**TASK OBJECTIVE:** Extract the whole listing as it stands. Do not include the pictures.

**DATASET EXCERPT:**
────────────────────
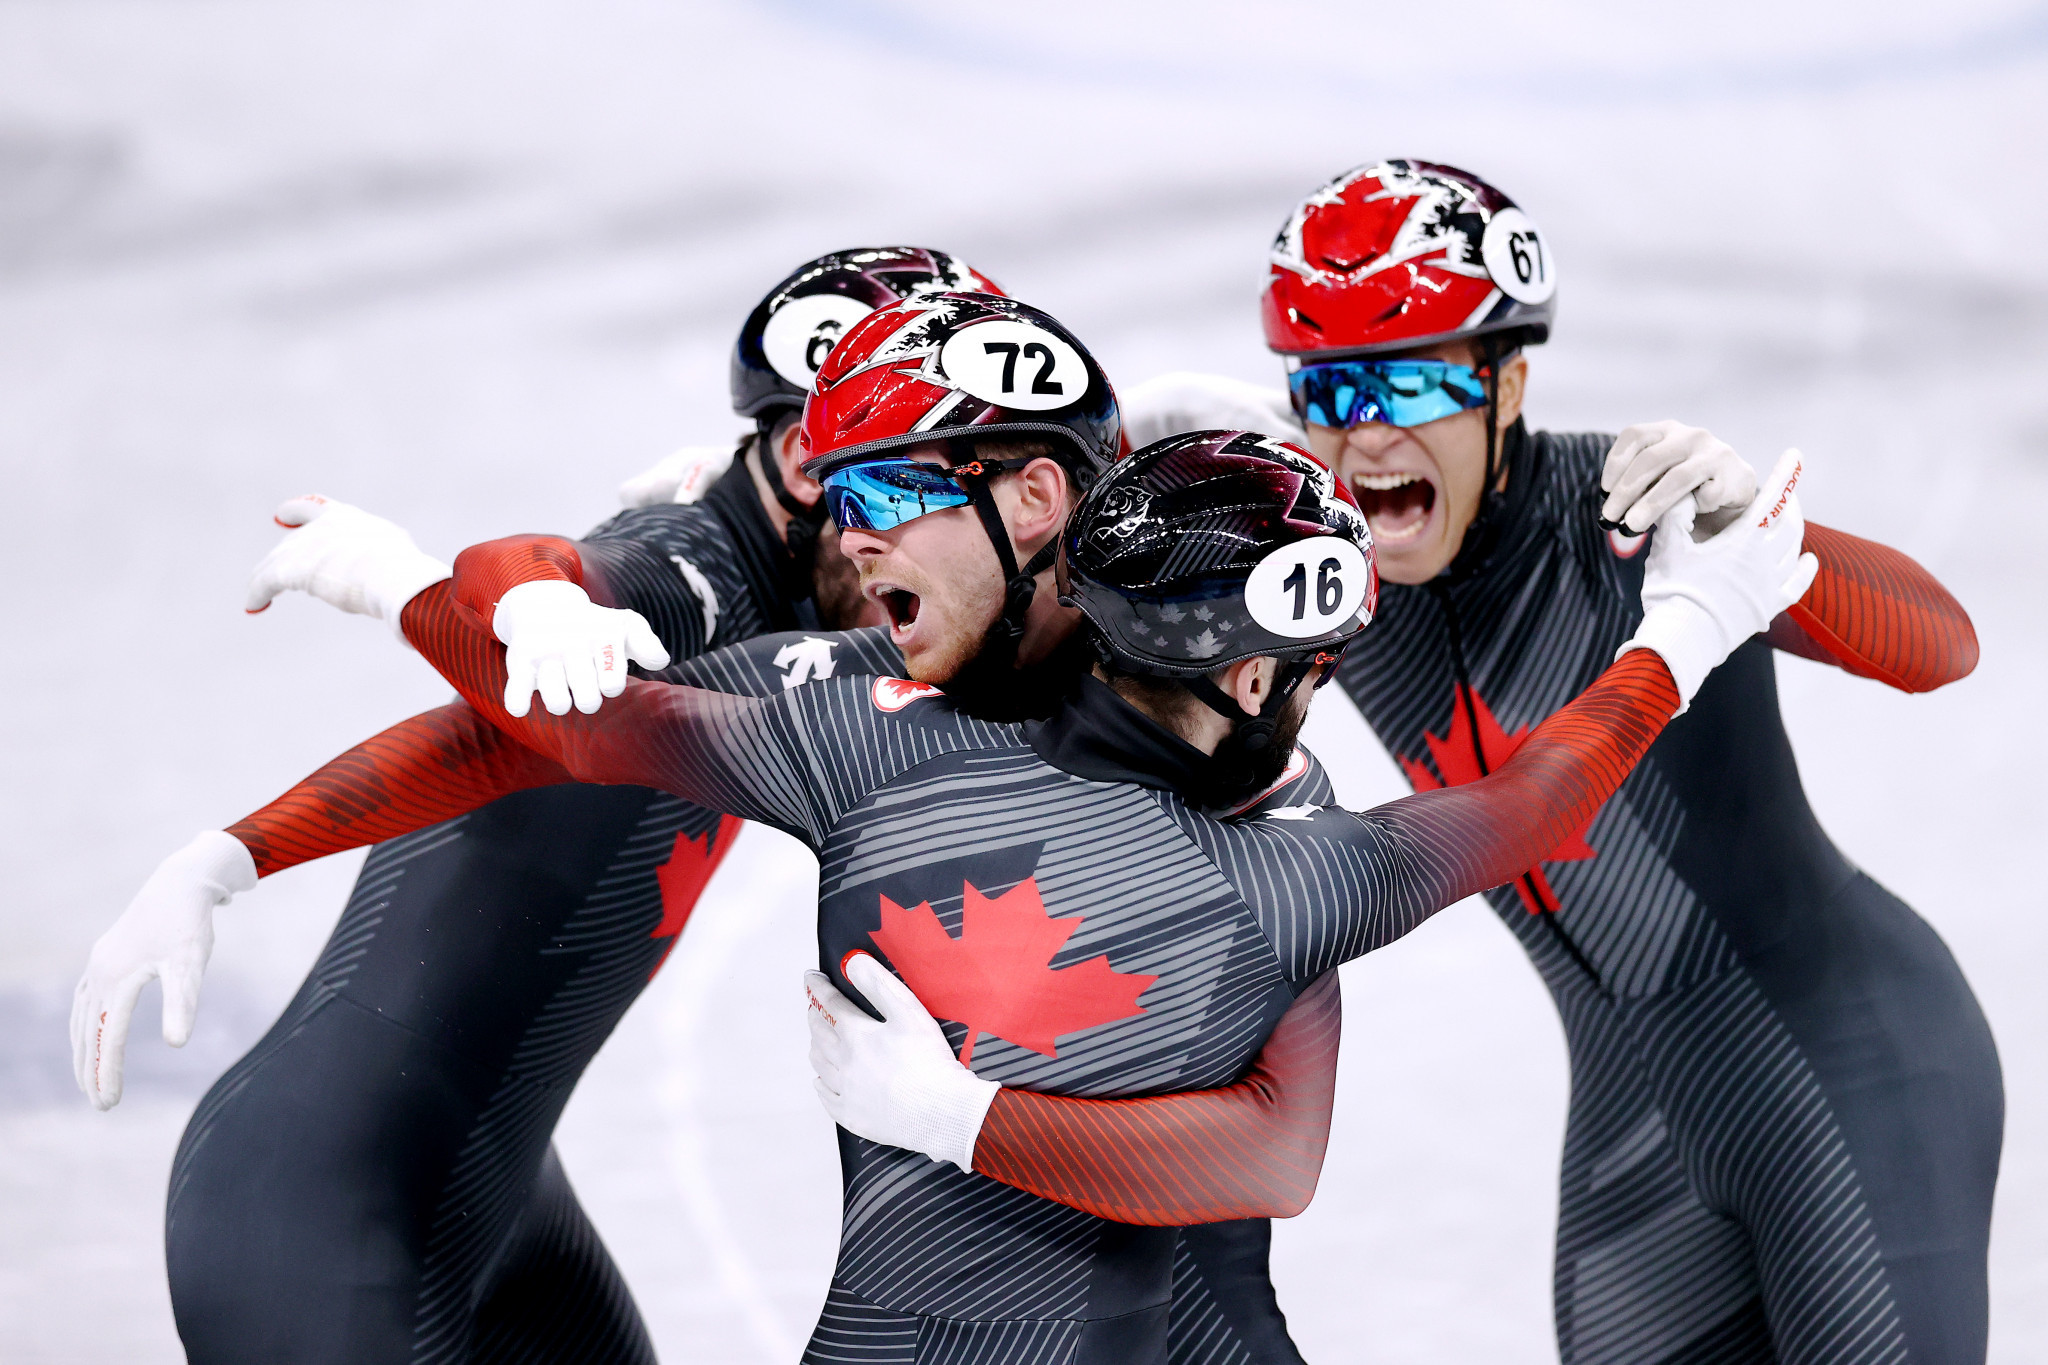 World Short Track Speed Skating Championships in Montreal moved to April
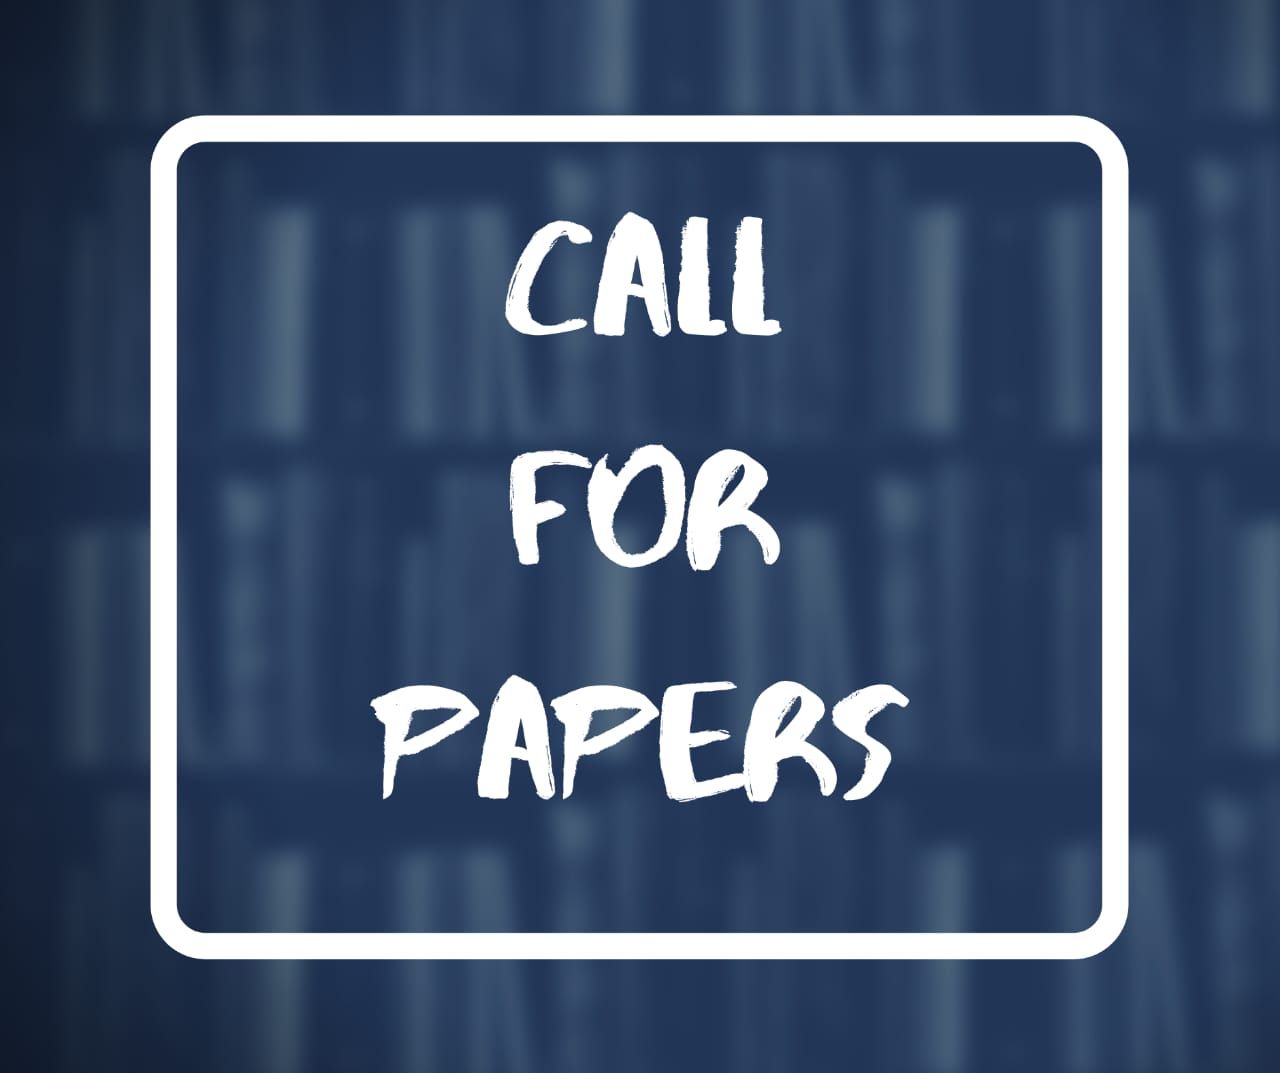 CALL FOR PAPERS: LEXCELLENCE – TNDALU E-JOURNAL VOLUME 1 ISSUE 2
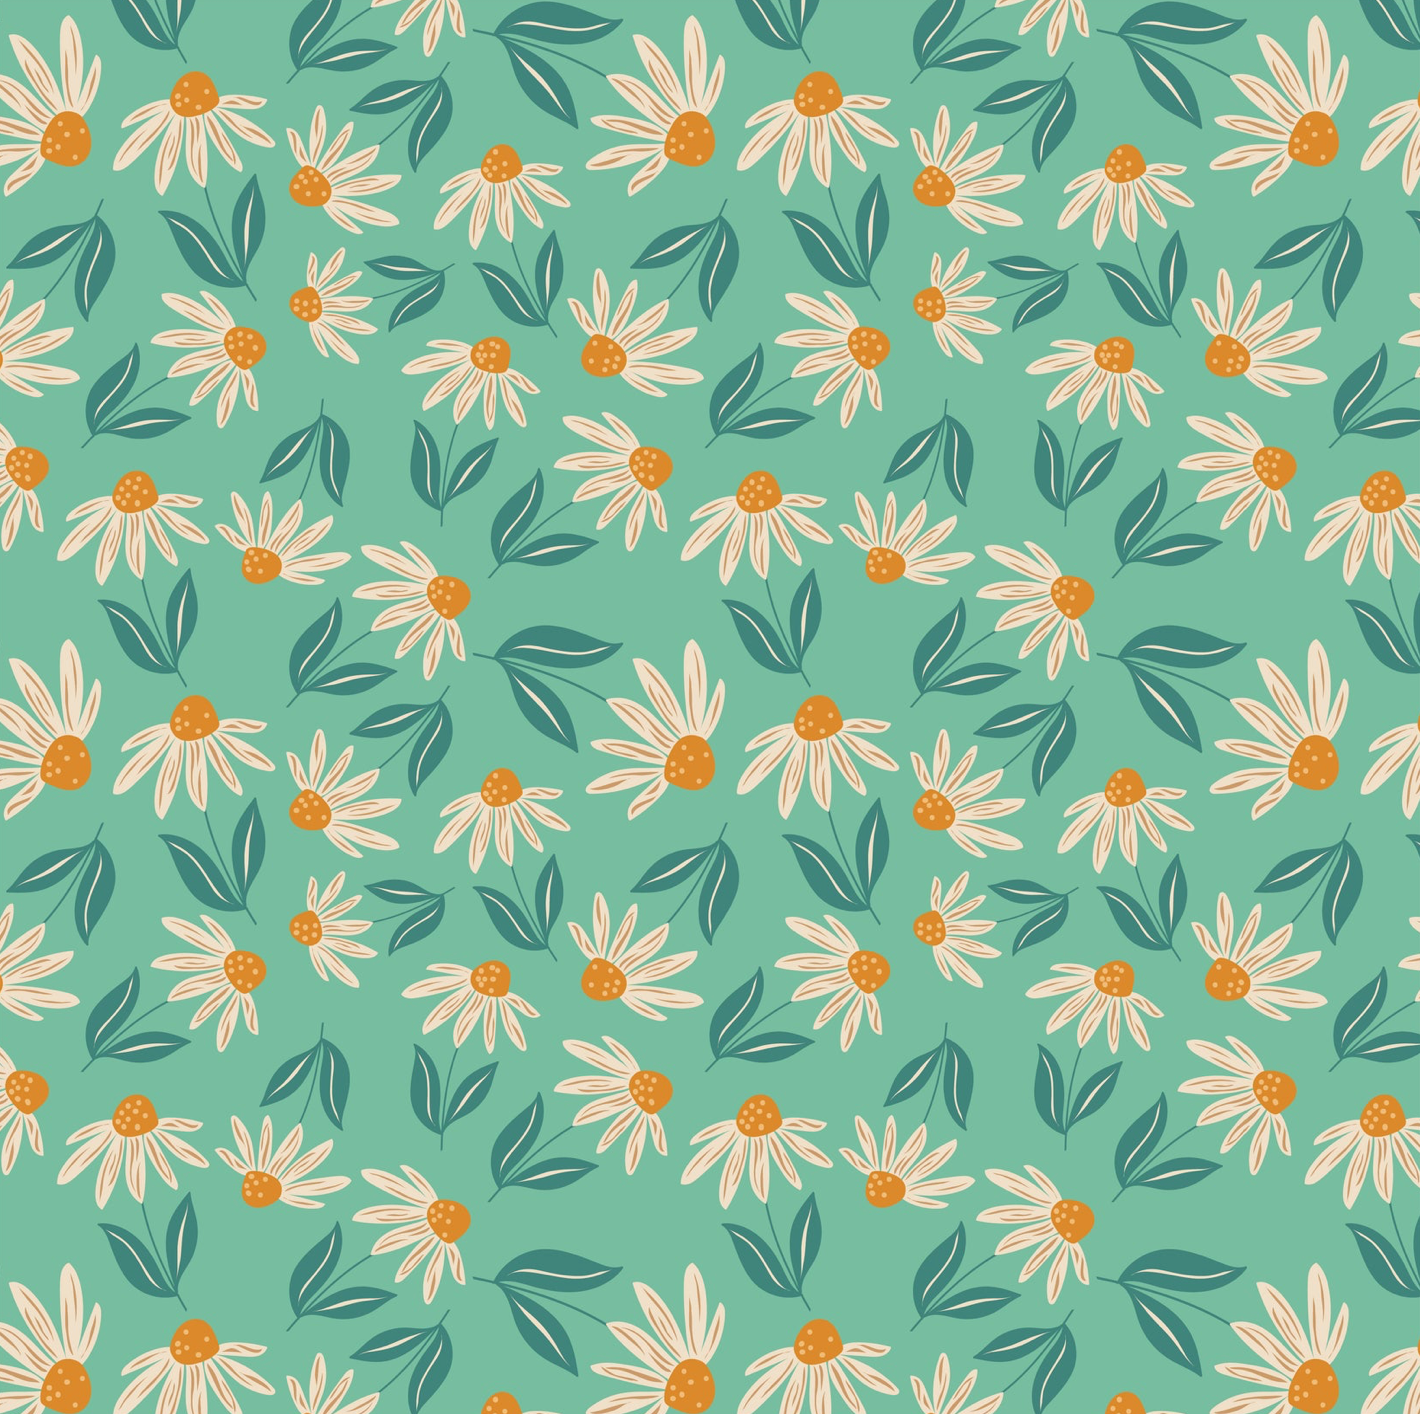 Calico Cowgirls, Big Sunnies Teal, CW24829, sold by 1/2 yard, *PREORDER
────────────────────
**COMPLETED EXERCISE:**
 World Short Track Speed Skating Championships in Montreal moved to April
 CALL FOR PAPERS: LEXCELLENCE – TNDALU E-JOURNAL VOLUME 1 ISSUE 2
 Calico Cowgirls, Big Sunnies Teal, CW24829, sold by 1/2 yard, *PREORDER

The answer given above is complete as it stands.